Supplied data: Begin

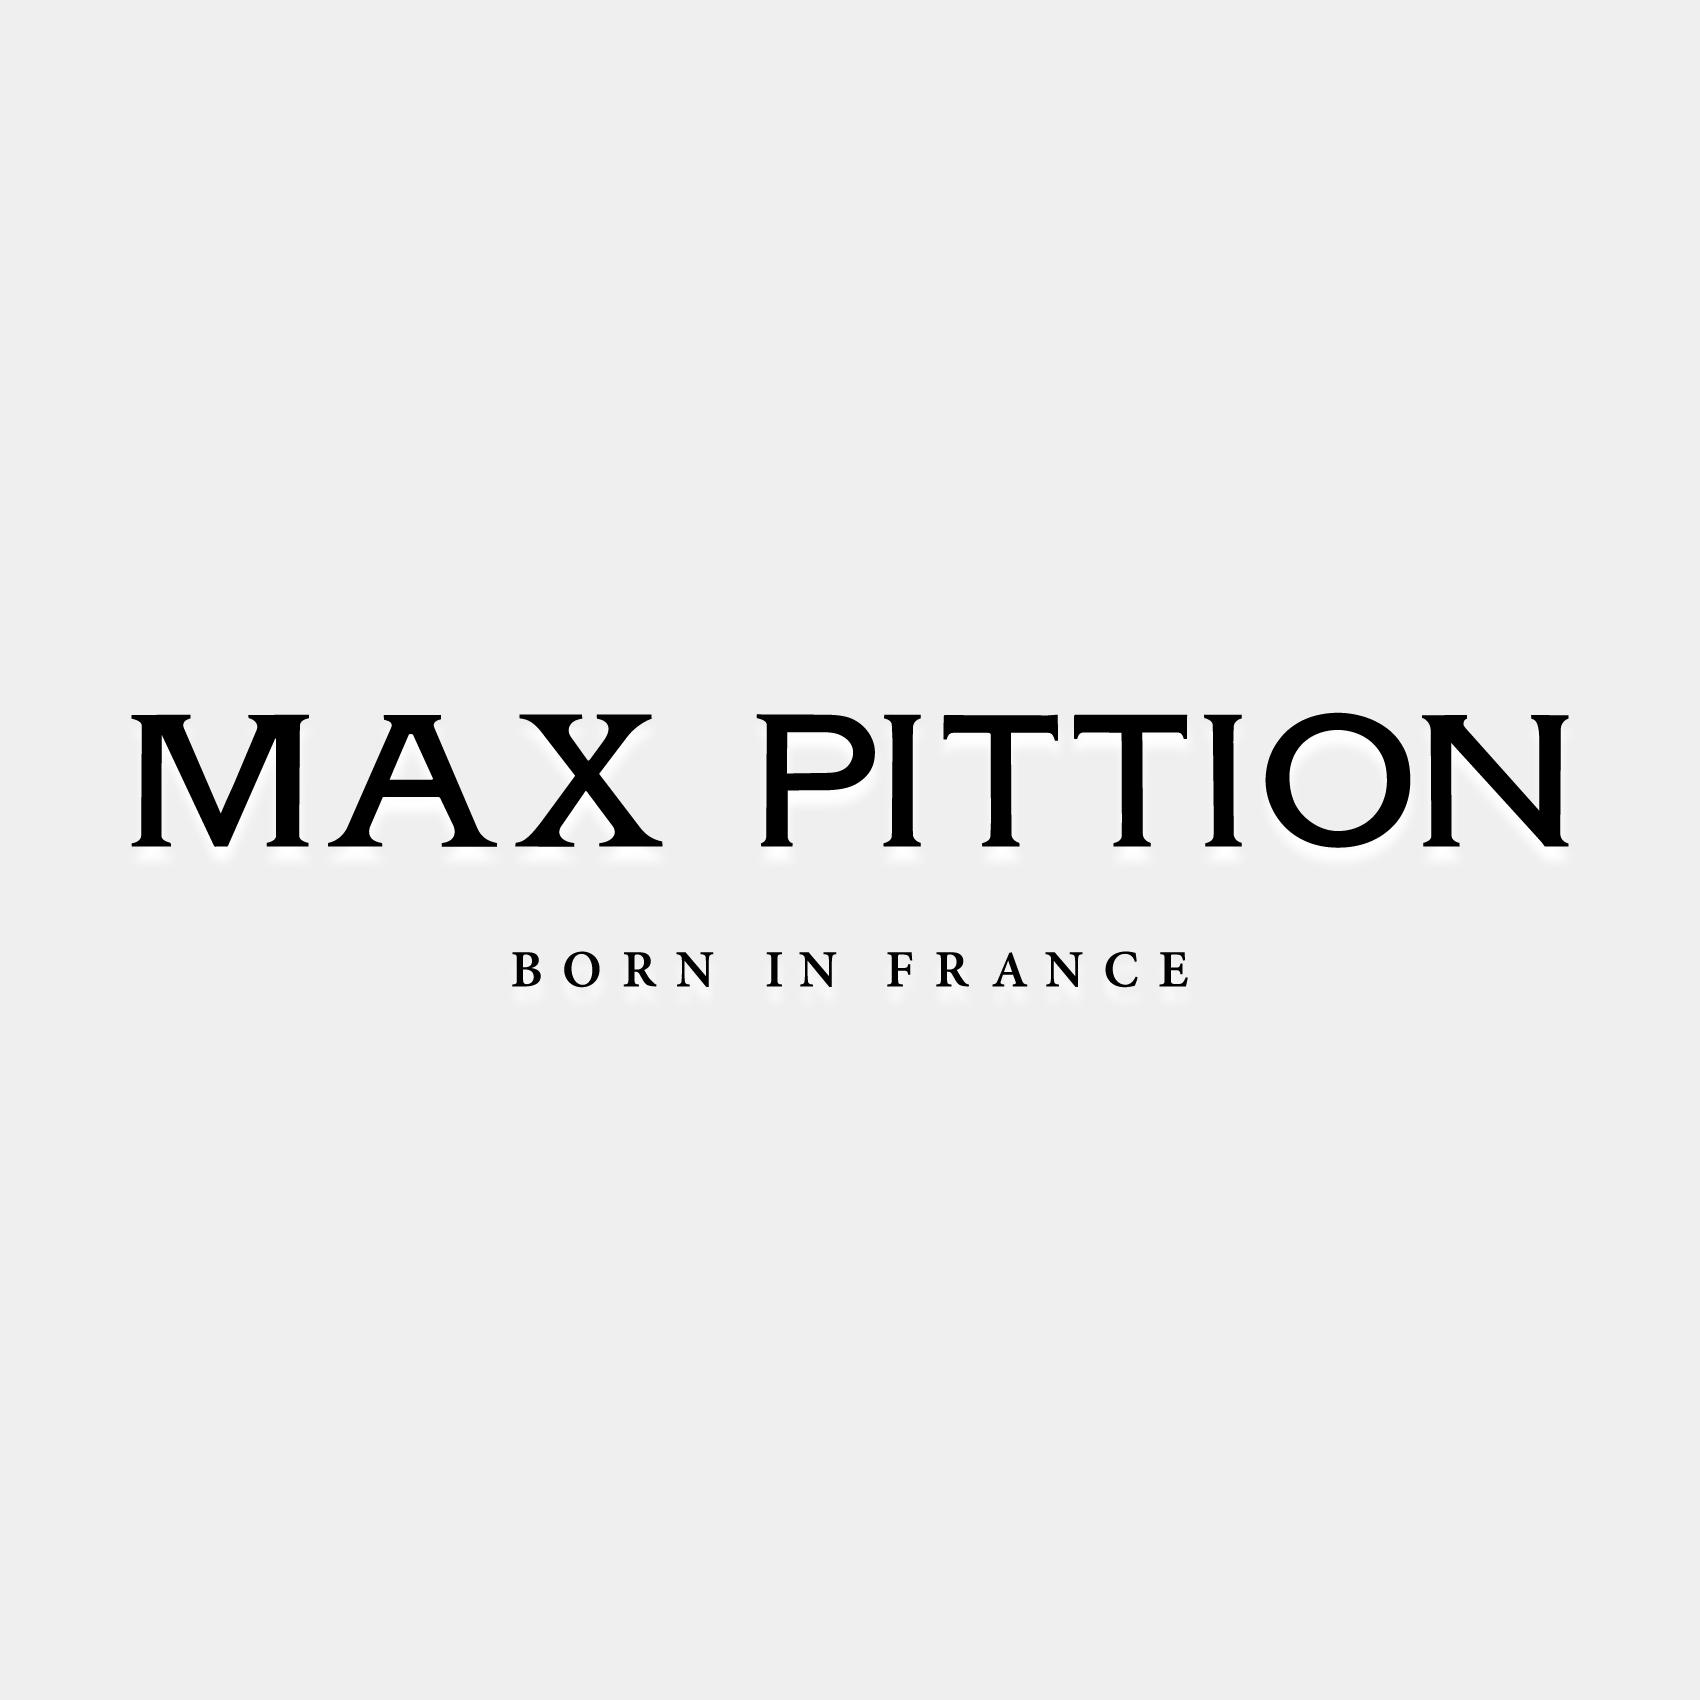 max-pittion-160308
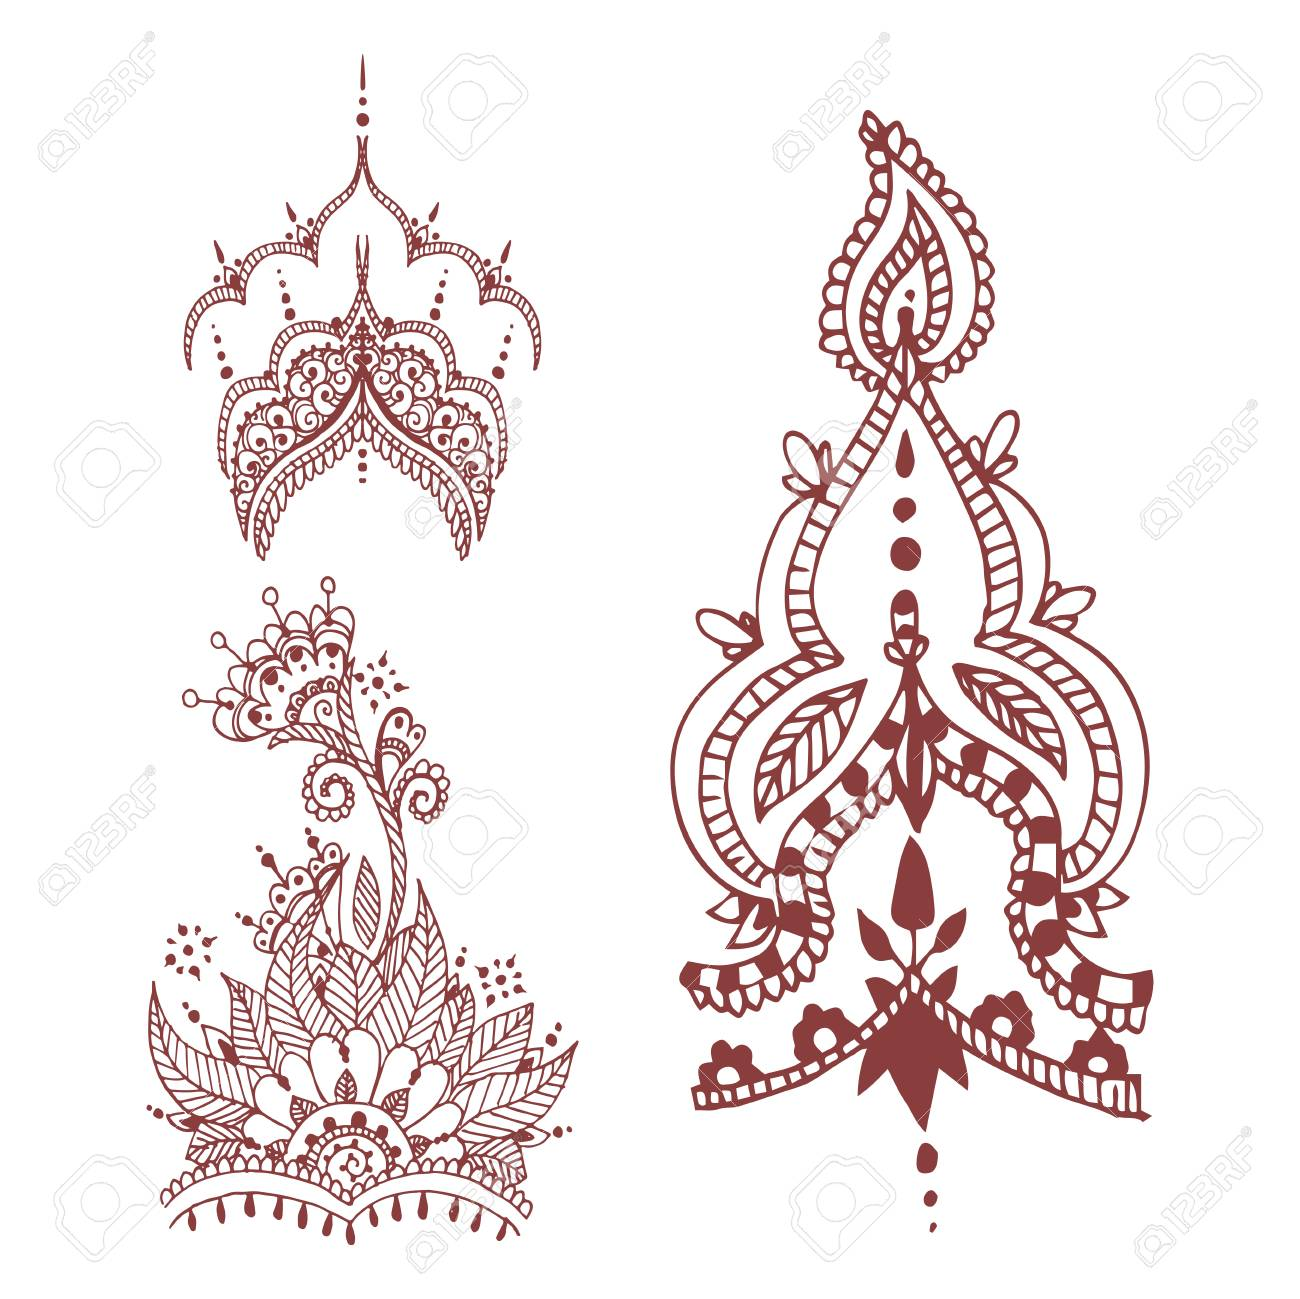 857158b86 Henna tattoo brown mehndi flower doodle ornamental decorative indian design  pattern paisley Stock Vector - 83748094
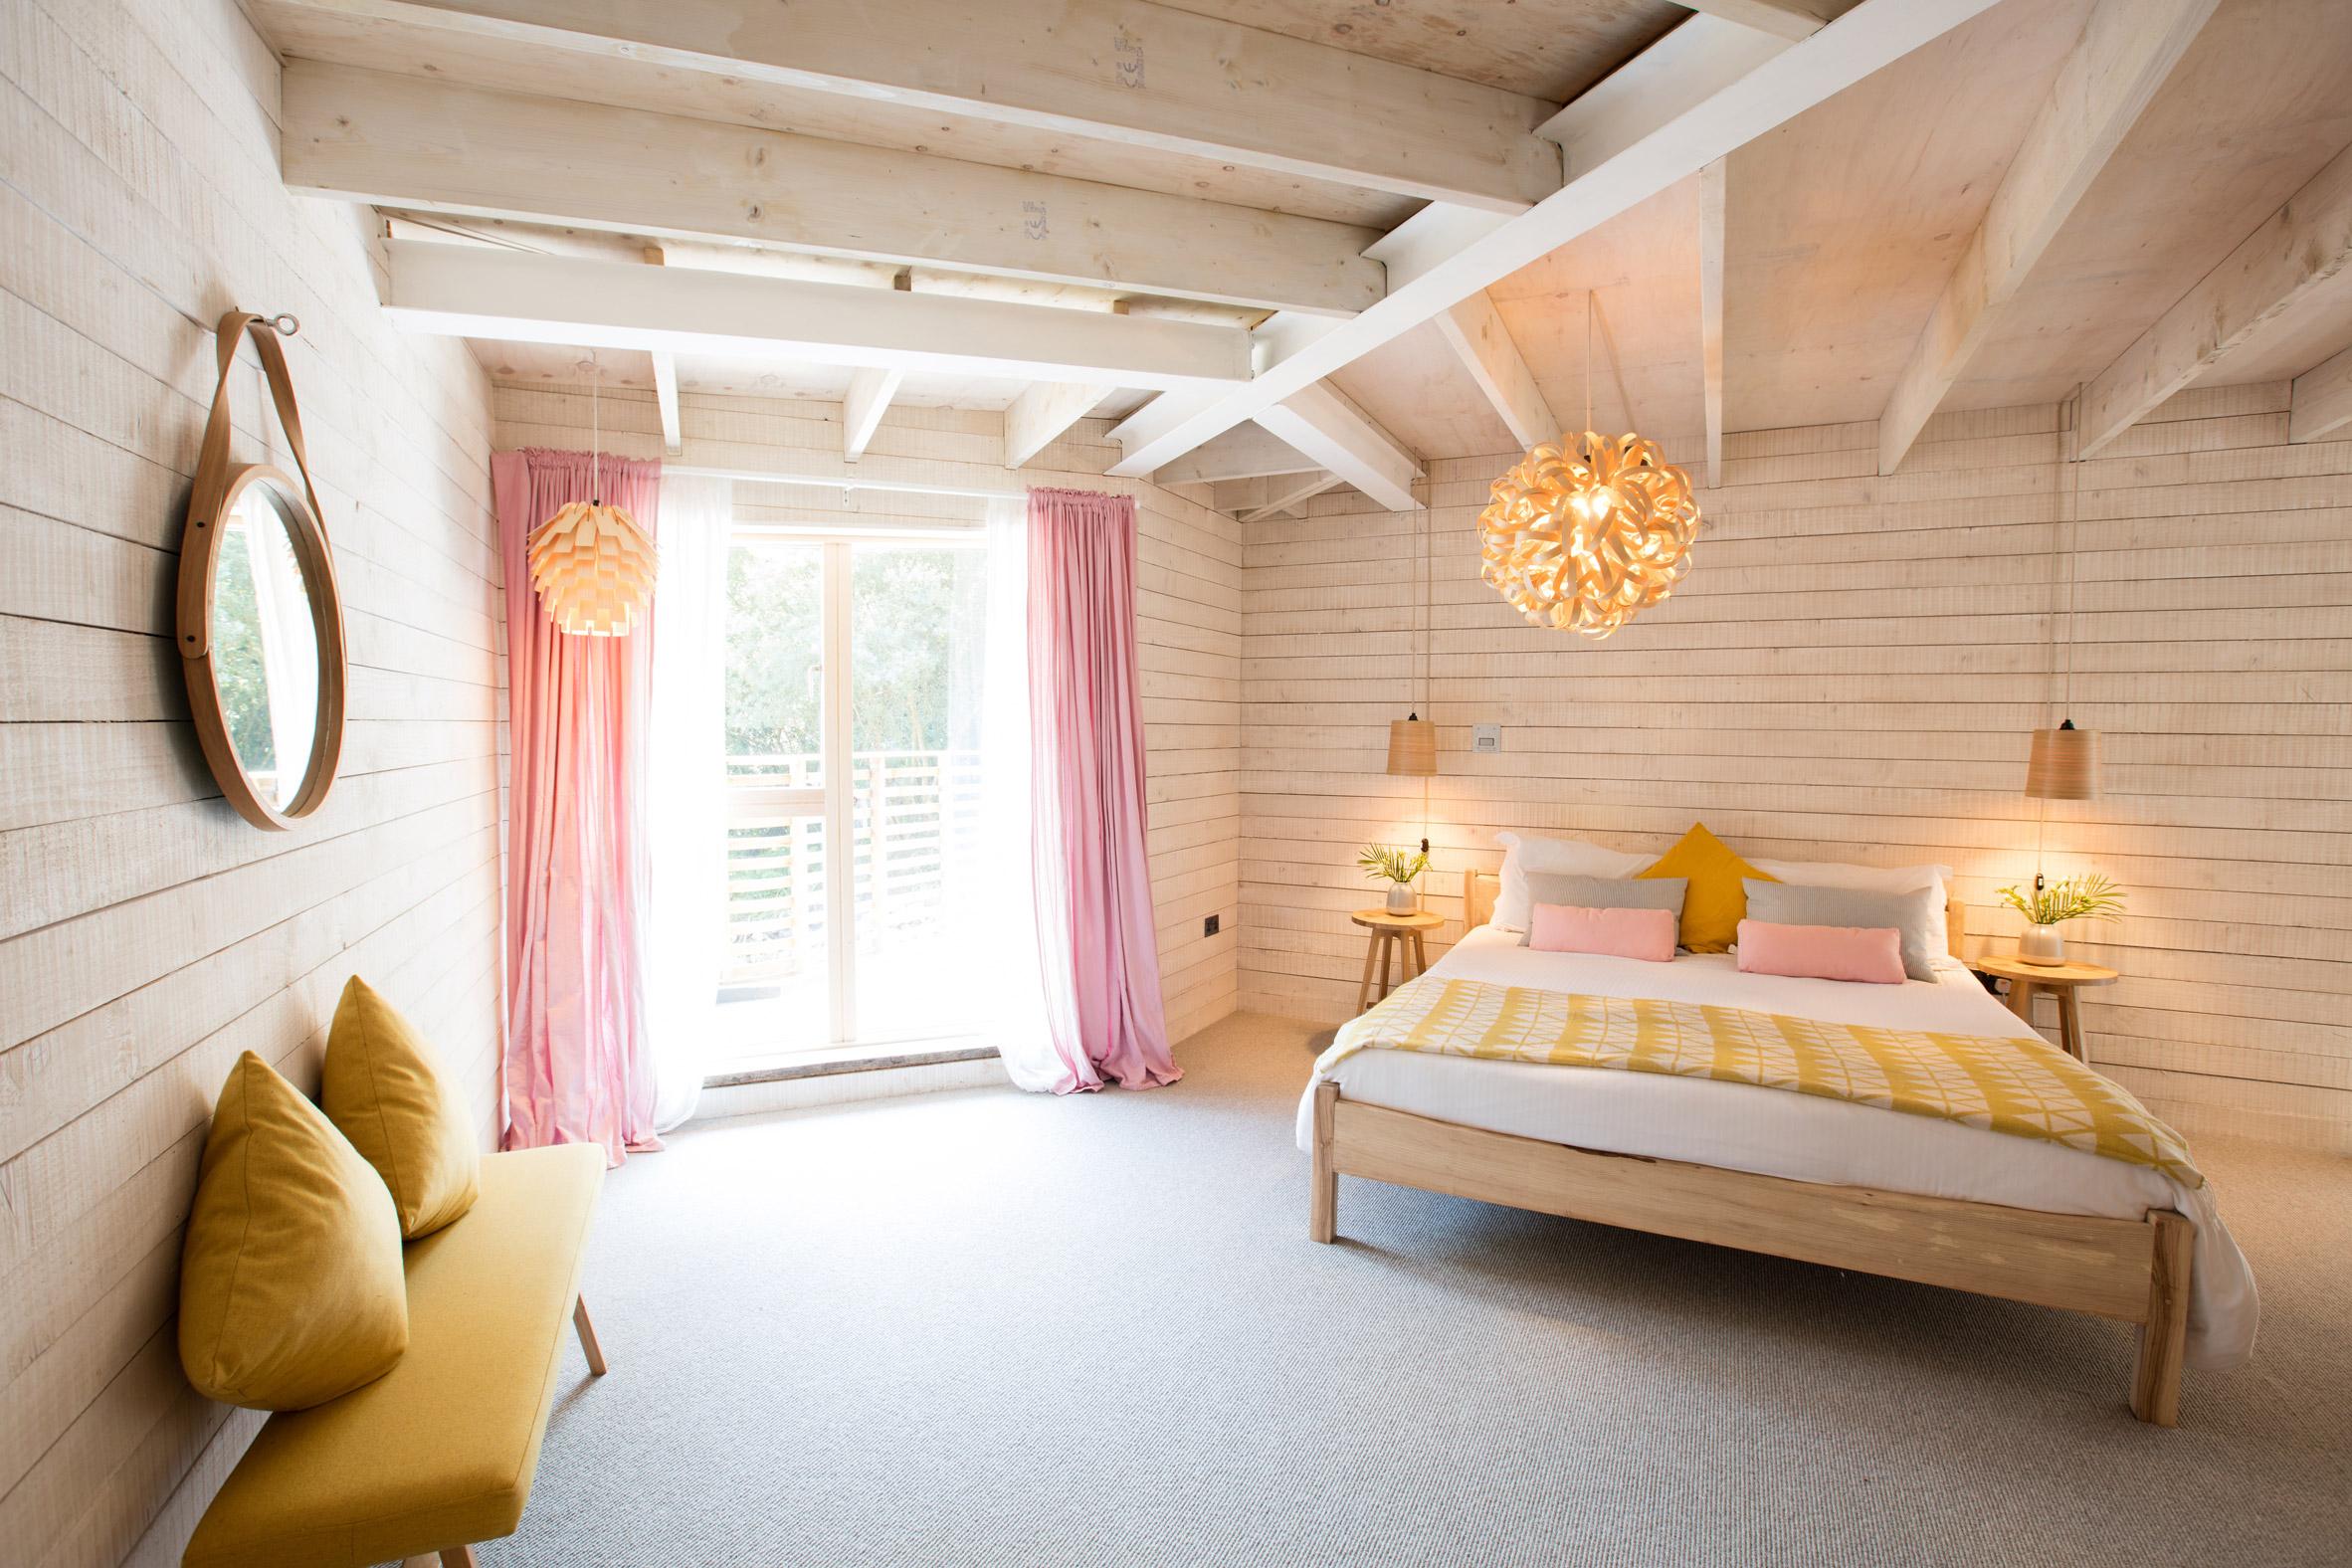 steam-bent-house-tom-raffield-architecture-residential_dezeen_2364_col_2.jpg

Supplied data: End

● **What the task asks**
In your answer, give every line of the listing above exactly, and do not include the images.

● **Your solution**
 max-pittion-160308
 857158b86 Henna tattoo brown mehndi flower doodle ornamental decorative indian design  pattern paisley Stock Vector - 83748094
 steam-bent-house-tom-raffield-architecture-residential_dezeen_2364_col_2.jpg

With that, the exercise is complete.